Panellists at the side meeting on R&D of NCD medicines

Speakers at the meeting have suggested ideas and proposals in hope to make drugs more affordable and accessible for patients, with many talking about more involvement by the public sector in research and development.

They were discussing at a side meeting of Prince Mahidol Award Conference (PMAC) 2019, which is an annual international conference focusing on policy-related health issues, as said on its website. The theme of this year’s conference is “The Political Economy of NCDs: A Whole of Society Approach”. NCDs stands for non-communicable diseases, which includes issues like cancer, cardiovascular disease, and respiratory disease.
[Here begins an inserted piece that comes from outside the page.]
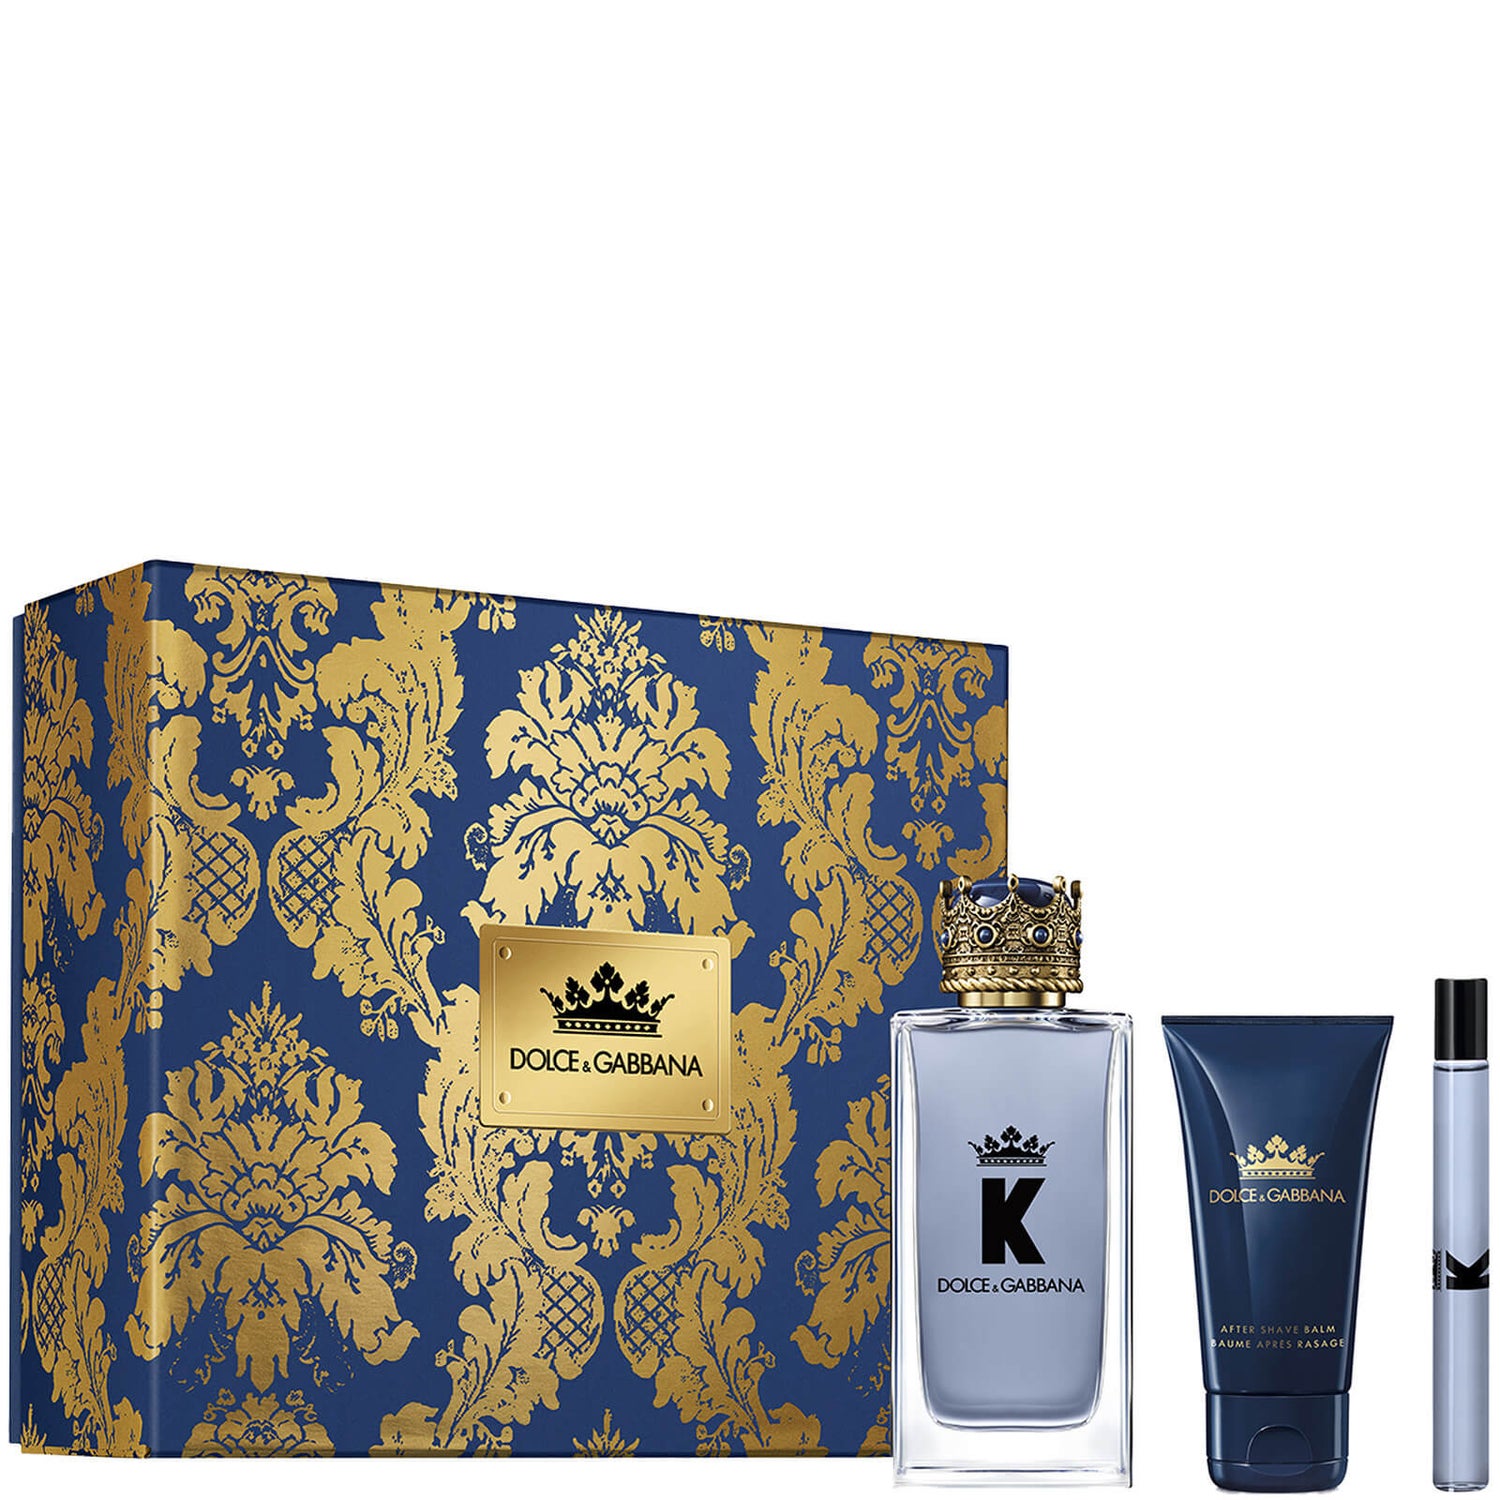 Dolce&Gabbana Exclusive K Eau de Toilette Set --tuoksusetti, 100 ml

PMAC 2019 says on its website of this year’s general objective as “to identify major bottlenecks, root causes and propose solutions at national and global level to accelerate implementation of NCD prevention and control.”

A panel at the conference held on 30 January was entitled, “Research & development of NCD medicines: how can affordability be built into the business model?” The event was moderated by Suerie Moon of the Graduate Institute Global Health Centre in Geneva.

Discussions focused on how R&D could continue to produce safe and efficacious drugs while making it more affordable and accessible.

Though some speakers at the side meeting took the view that the current R&D business model has caused high prices in drugs, others said it has encouraged innovation in medicines and provided incentives for private manufacturers to invest in R&D.

Speakers also discussed about possible new models which could generate more affordable drugs and treatments.

Jean-Michel Piedagnel, director in Southeast Asia of the Drugs for Neglected Diseases initiative (DNDi), shared his organisation’s experience in a project in which collaboration between private drug producers and the governments in Malaysia and Thailand has significantly cut treatment cost of hepatitis C, which is a communicable disease.

More public investment and involvement in R&D was one of the proposals made at the side meeting, but questions were raised on how the public sector could make returns on its investment.

Panellists and participants discussed how to better handle the issue of incentives for R&D by private companies to reduce medicine prices.

Jamie Love from Knowledge Ecology International, a non-governmental organisation based in Washington, DC, said in his presentation: “Private incentives are important for innovation, (but) lead to unequal access, and impose huge costs on society.”

He suggested that to make drugs more accessible to low-income people, incentives for R&D investment have to become dissociated from drug prices.

“Universal access will never be feasible without delinking of incentives from prices,” Love said in his presentation. “Delinkage will never take place without transition strategies, and this should be a focus for advocates and researchers.”

Songpon Deechongkit, managing director of Siam Bioscience, a Thai company in the life sciences field with a focus on biopharmaceuticals, suggested the idea of “open innovation” in which multiple parties join hands to invent products as opposed to “closed innovation” in which companies work alone on innovation.

Songpon suggested that open innovation could cut the cost of R&D and, hence, reduce the prices of drugs.

There were also some hardline suggestions at the meeting, such as getting rid of the current intellectual property regime entirely. This idea arose from the conviction that patents contributed to the high prices of drugs.

But others argued that intellectual property was a factor in encouraging R&D, and without the IP incentives, who would pay for the research and development.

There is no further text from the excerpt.